Back to my childhood days of Cape May, one of the points of interest was the concrete sinking ship the S.S Alantus.The SS Atlantus was one of 12 cement ships built between 1918 and 1921. The most “famous” of the concrete vessels, the Liberty Ship Building Company in Brunswick, Georgia built this ship in 1918 just after World War I had ended; however it did make a few voyages across the Atlantic bring war tired doughboys home. Proving to be costly for other voyages, the fleet was decommissioned and sold off or recycled for other uses, but the Atlantus was spared.
Colonel Jessup Rosenfeld bought one of these concrete beasts from the Navy in hopes to have a reliable ferry from Cape May, NJ to Cape Henolpen, DE. In 1926 while trying to obtain the various needs for this ferry the Alantus broke free of it’s moorings in Cape May due to a fierce storm that came up the coast. Drifting just 150 years from the dock, the Alantus ran aground and became stuck in the sand and the “Cape May Diamonds”.

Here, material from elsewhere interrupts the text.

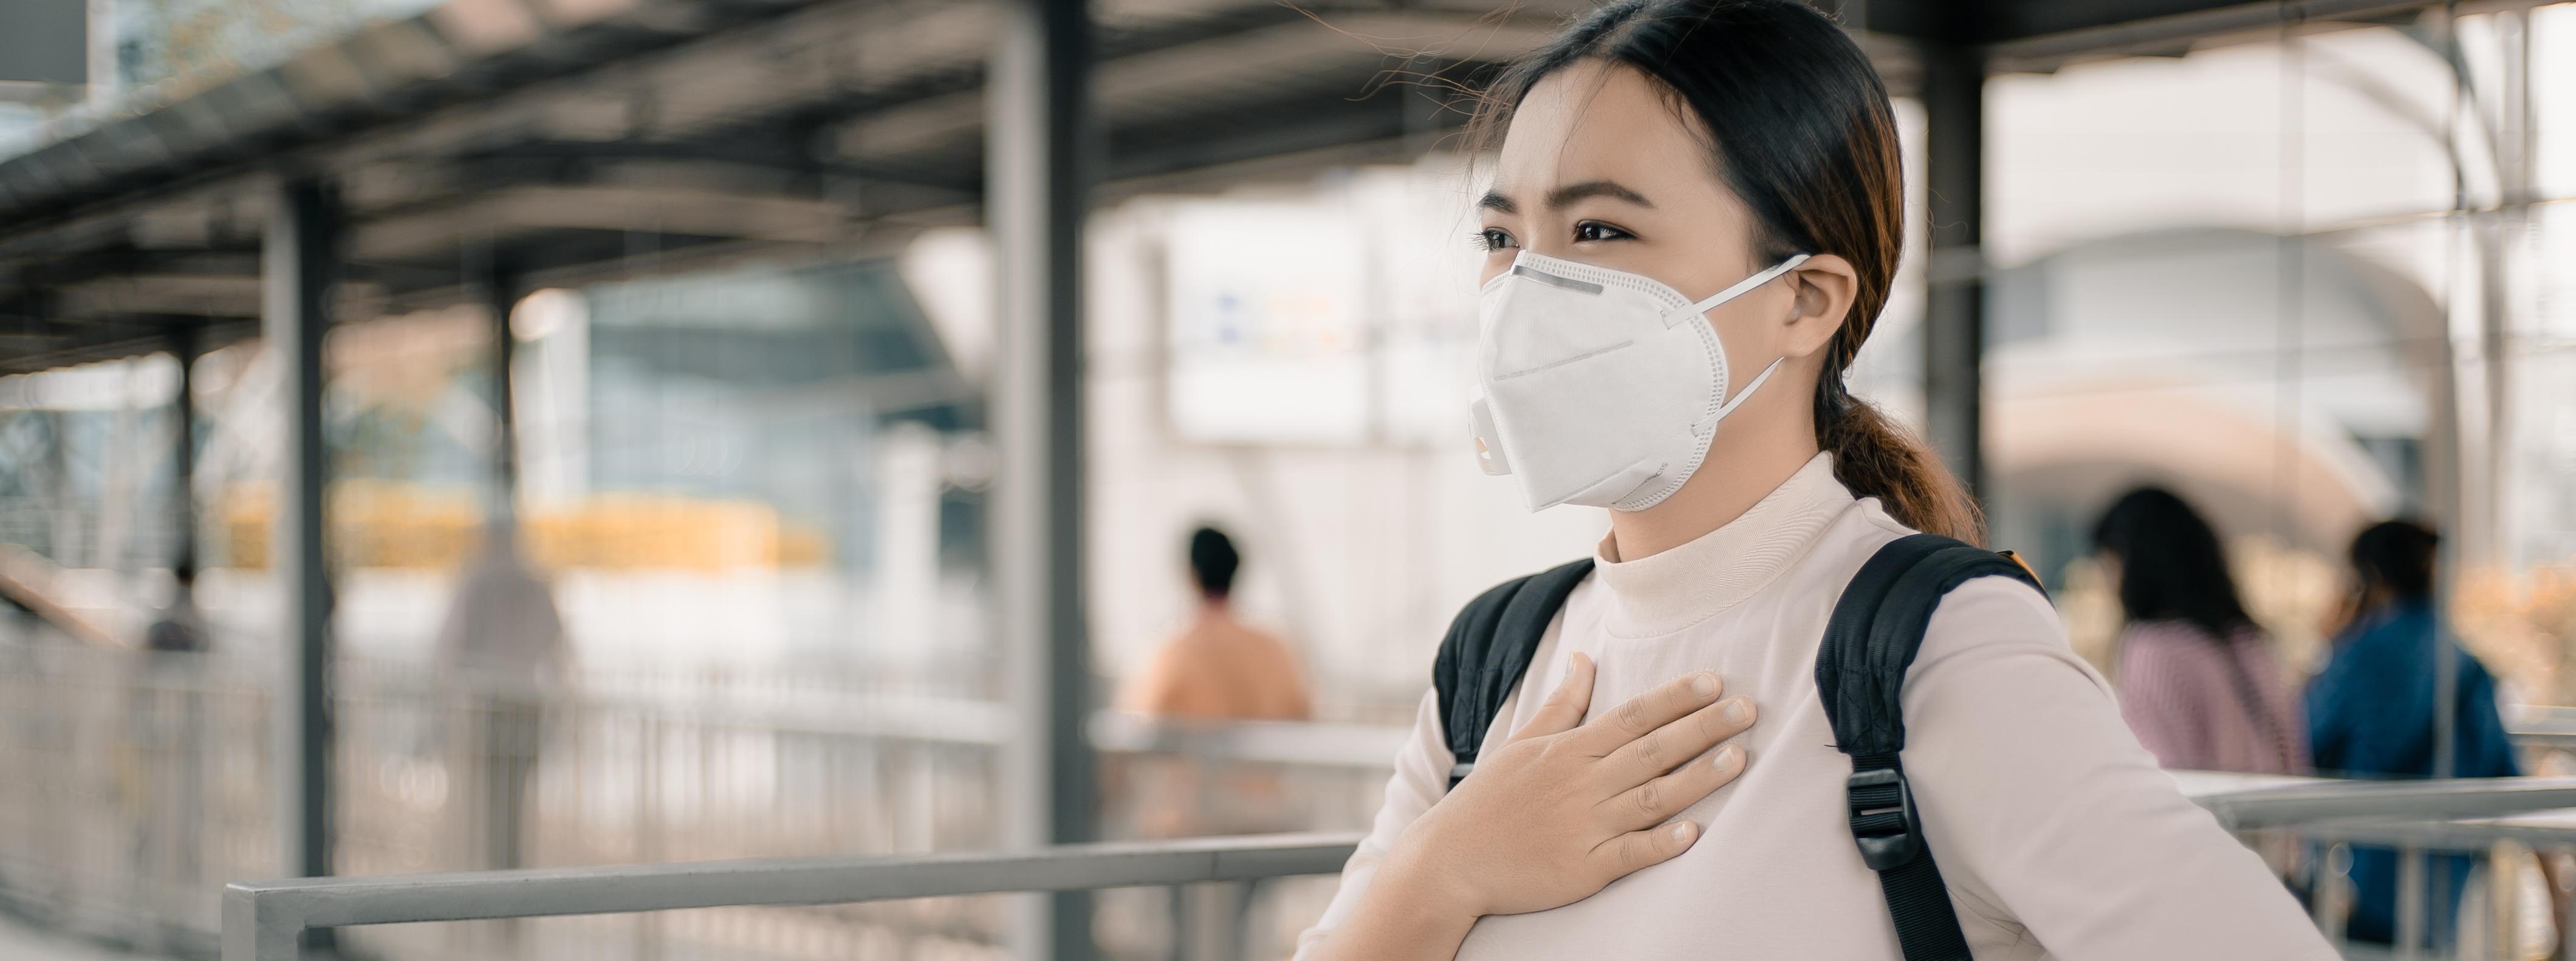 Cegah Wuhan Pneumonia, Wabah Baru yang Menghantui Dunia
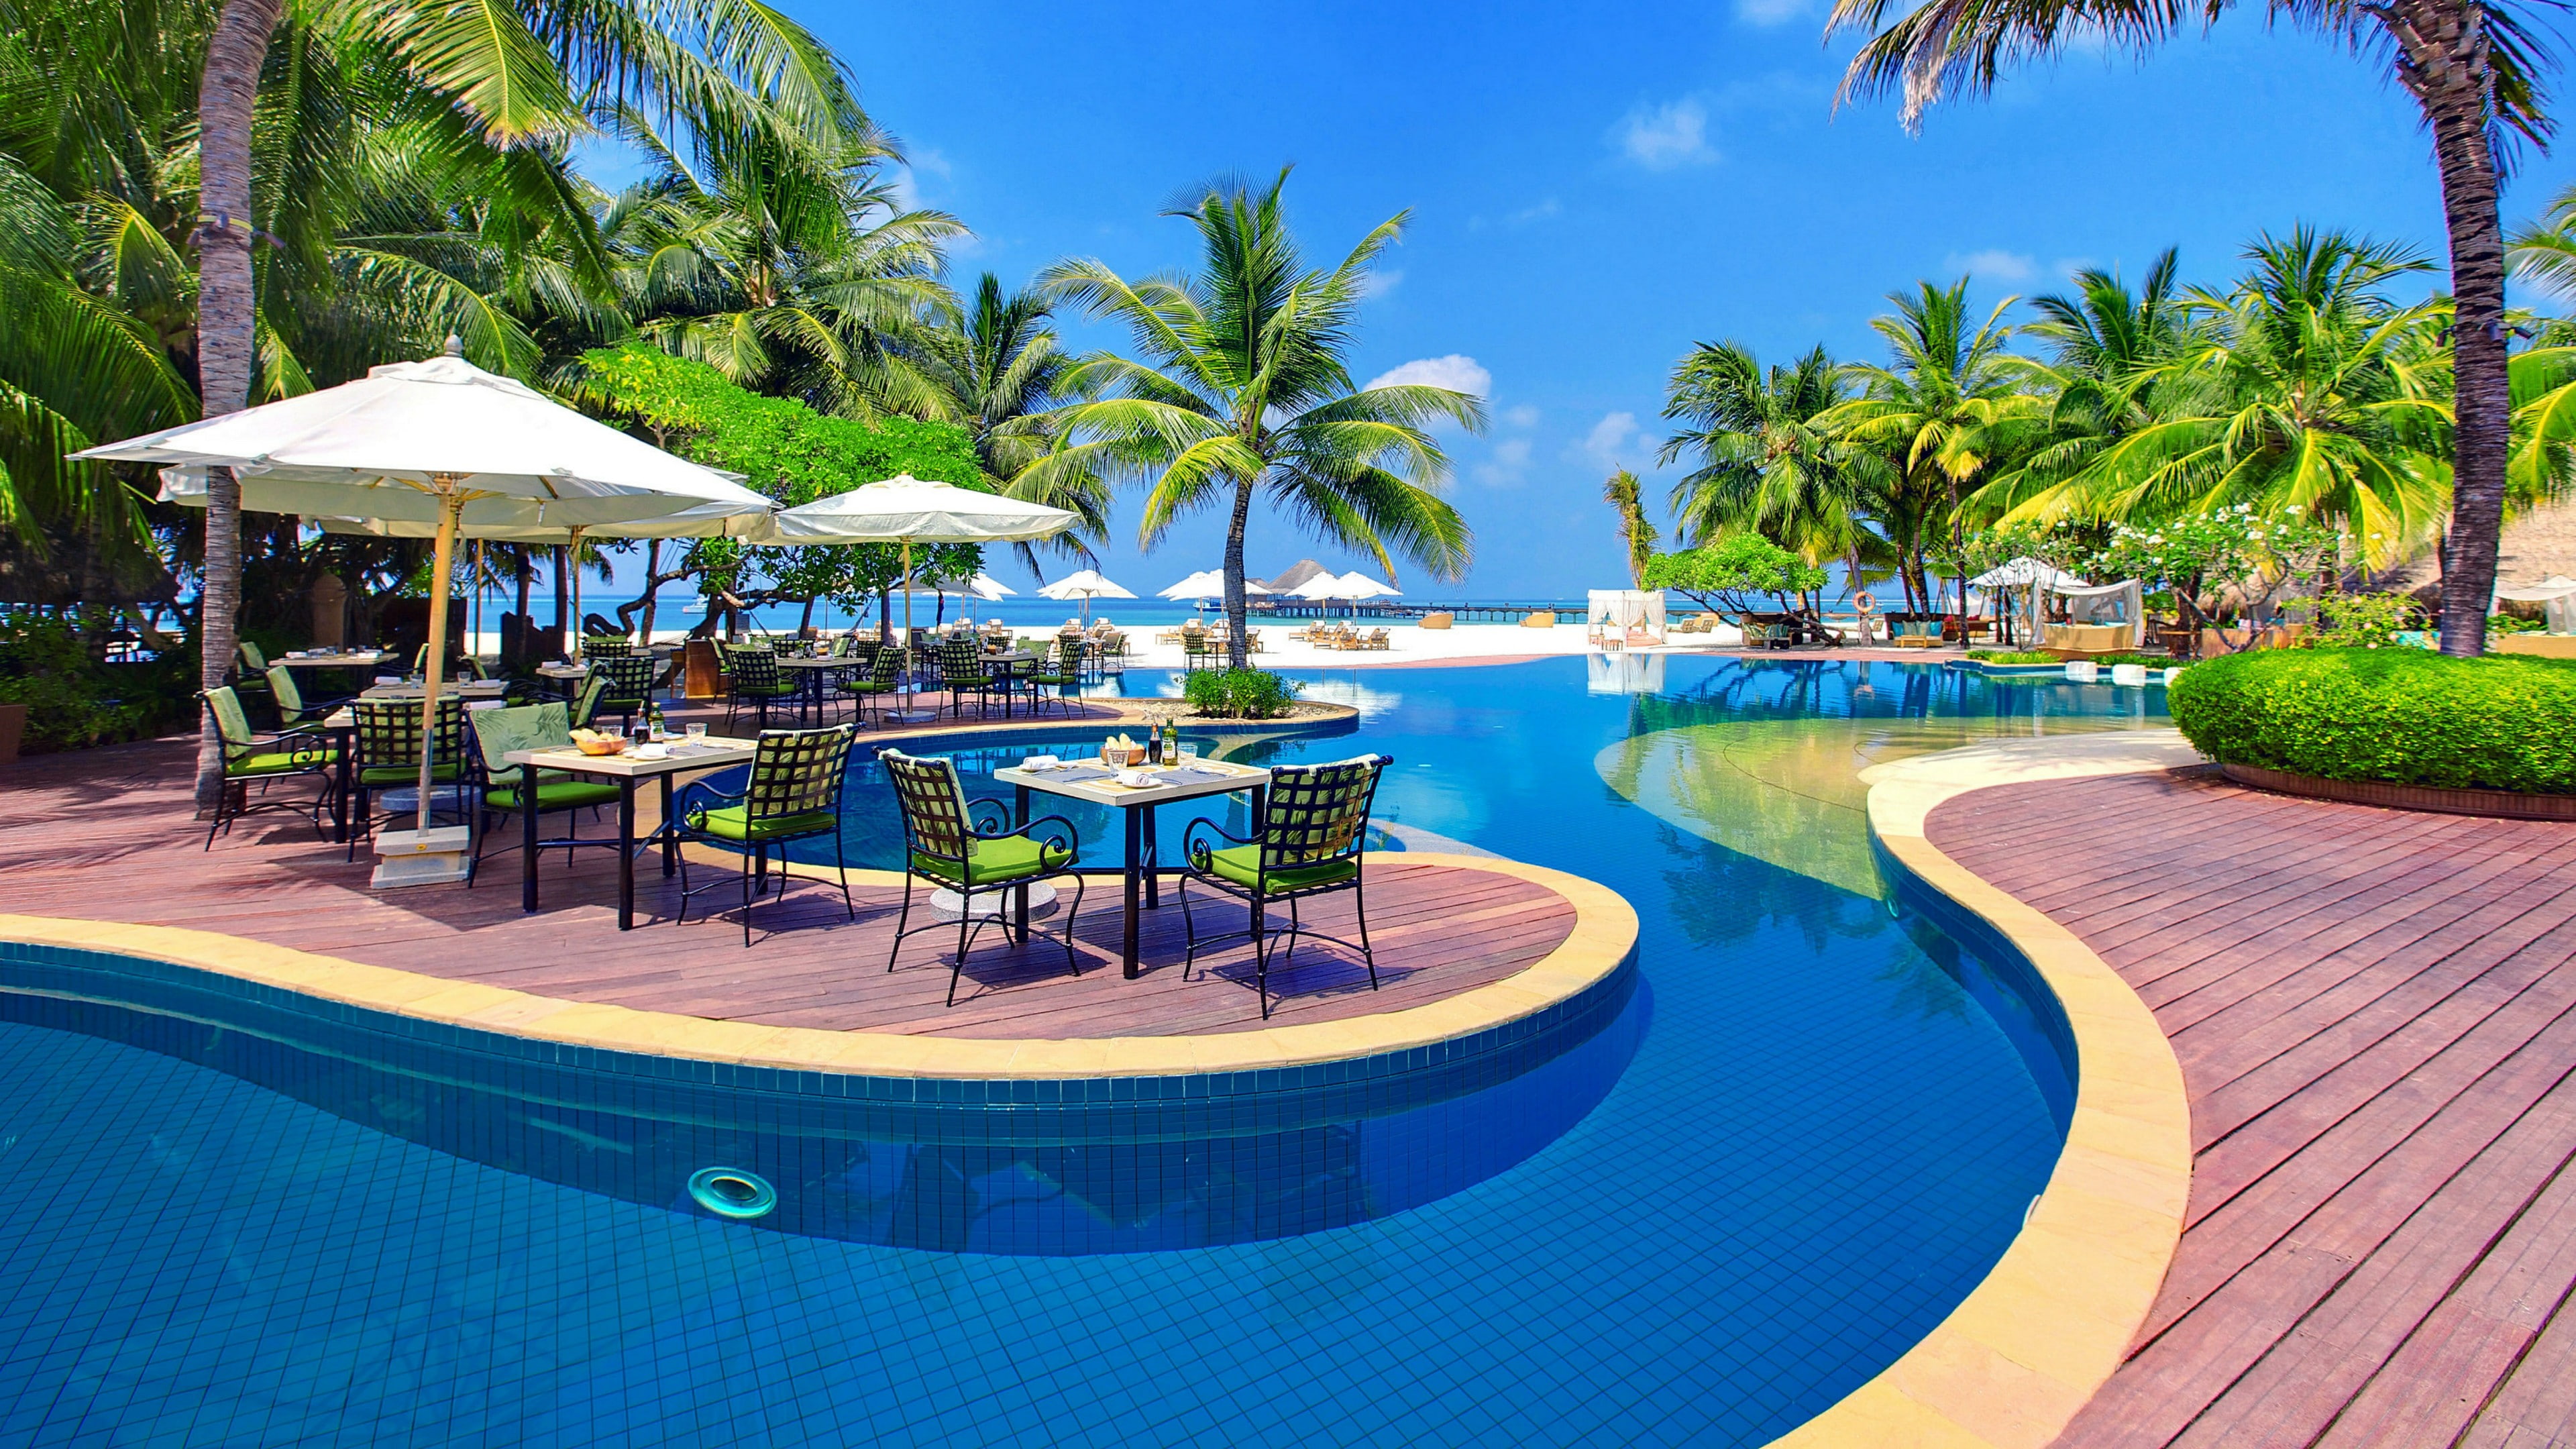 resort, leisure, swimming pool, resort town, vacation, palm tree

By 1935, the ship had broken; by the 1960s, the superstructure was gone, and in 1987, the two halves drifted farther away and are now resting sideways. The ship is believed to help stimulate the formation of “Cape May Diamonds” – little lumps of quartz that can be found along the pristine beaches of Cape May. Sadly the ship will probably be totally underwater by 2018, unless it is stabilized, exhumed, and replaced.
Perhaps when wars are over they could sink a derelict warship out there?